School allows parents to opt children out of Black History Month activities, school director says he’s ‘deeply’ saddened and disappointed
Feb 5, 2021, 8:04 PM | Updated: Feb 8, 2021, 4:45 pm
(Maria Montessori Academy in Ogden, Google Maps)
UPDATE: School officials have reversed their decision to allow parents to opt their children out of Black History Month activities since this article was published.
NORTH OGDEN, Utah – An elementary school is getting a lot of angry phone calls after administrators told parents they can opt their children out of participating in Black History Month events. The school’s director says he reluctantly made the decision after some parents asked for it.
Parents of children at Maria Montessori Academy in North Ogden were sent a message saying they have the option of letting their kids not take part in Black History Month activities, and they received a link to a Google document that they could fill out if that’s what they wanted.
This angered many parents and other concerned citizens. One woman posted on Facebook, “Can somebody please explain to me why a school in Utah would be allowing children top opt out of Black History Month? Does this school allow kids to opt out of other U.S. History?”
Some educators tell KSL current state law allows parents to opt out of any part of the school day, whether that be a class, lunch or other school activities.
However, Academy Director Micah Hirokawa says this wasn’t a decision he wanted to make. He posted a message on the school’s Facebook page saying some parents asked to opt their kids out of the activities, and he reluctantly sent out a letter to parents informing them how they could do so, even though it goes against his personal beliefs.

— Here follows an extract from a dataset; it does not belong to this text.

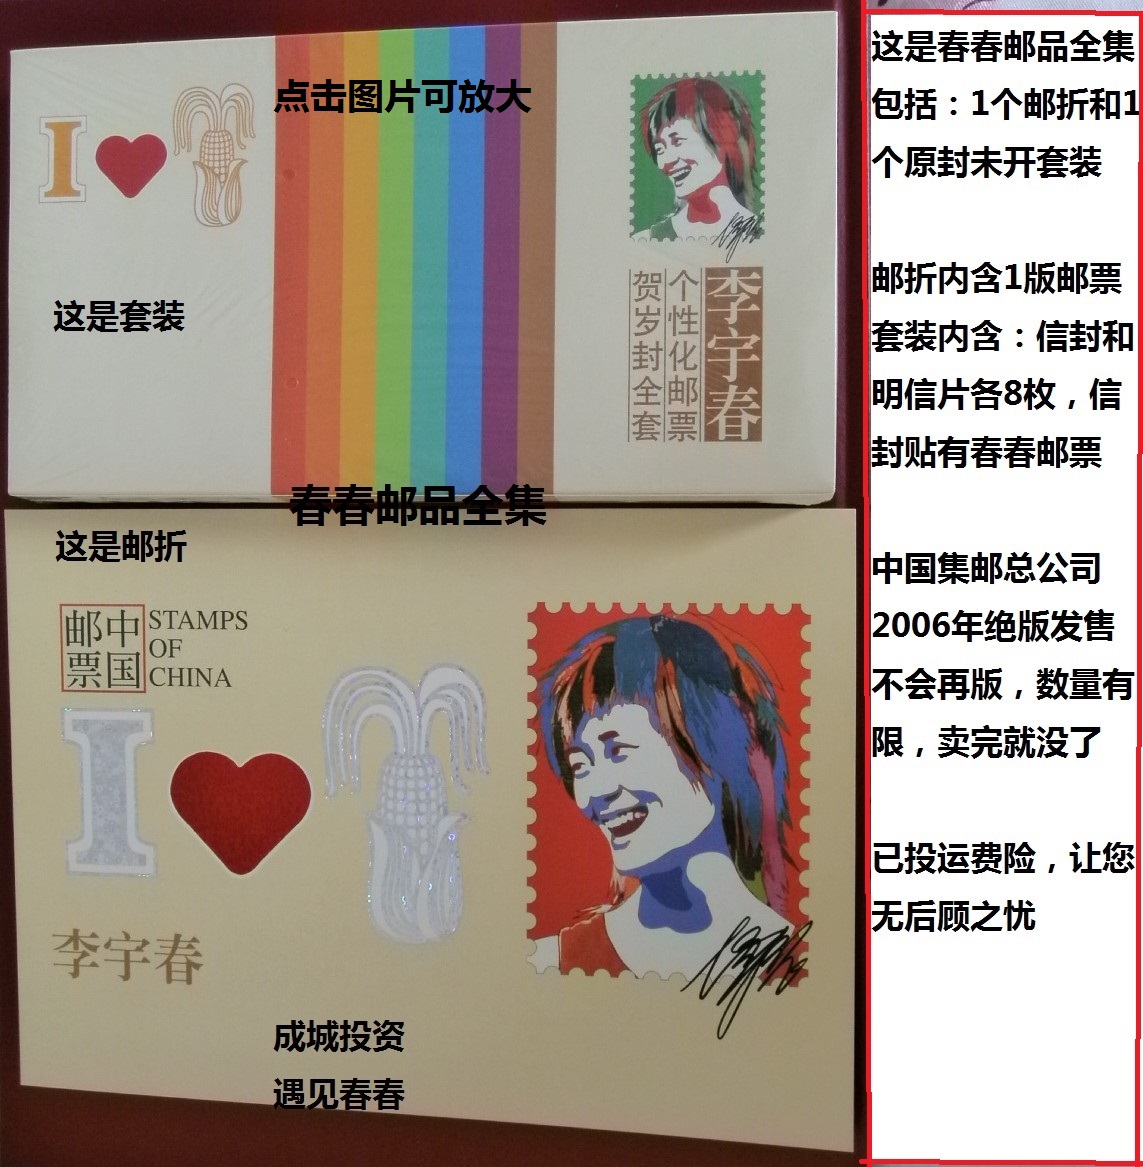 Li Yuchun 切手の完全なコレクション (セットと切手折り込みを含む) を囲む誕生日プレゼント

Hirokawa wrote, “There are too many people who are seeking to be a light in this world and choose to fight this war with anger, violence, and hate. To use these methods to gain peace and acceptance I feel is hypocrisy.
Hirokawa also wrote that his own great-grandparents were thrown into an internment camp, and he sees great value in teaching children treatment, challenges and obstacles people of color have faced.
He added, “I am deeply troubled that in today’s society, not just in our community but throughout the Nation, there are those today who still continue to exercise their civil rights to not participate in events like Black History Month. I believe that all of us, and especially our children, need to participate in Black History Month and in the process learn how to appreciate and love those who may be different than us.”
His entire statement can be read here.
The fact that some parents were asking to take their kids out of these events is upsetting to NAACP of Utah President Jeanetta Williams.
“I am really surprised and appalled that a parent would want to have their child opt out,” Williams says. “This is something that should be taught year-round and not just in February.”
Even though parents are allowed to opt their children out of any school event, Williams says there are requirements every child has to meet if they want to graduate, and knowledge of Black history should be one of those requirements.
“There should be no given opportunity to have a student opt out just because they feel uncomfortable about talking about race and race relationships,” she says. “If they want to opt out, then perhaps the best thing they should do is homeschool their children.”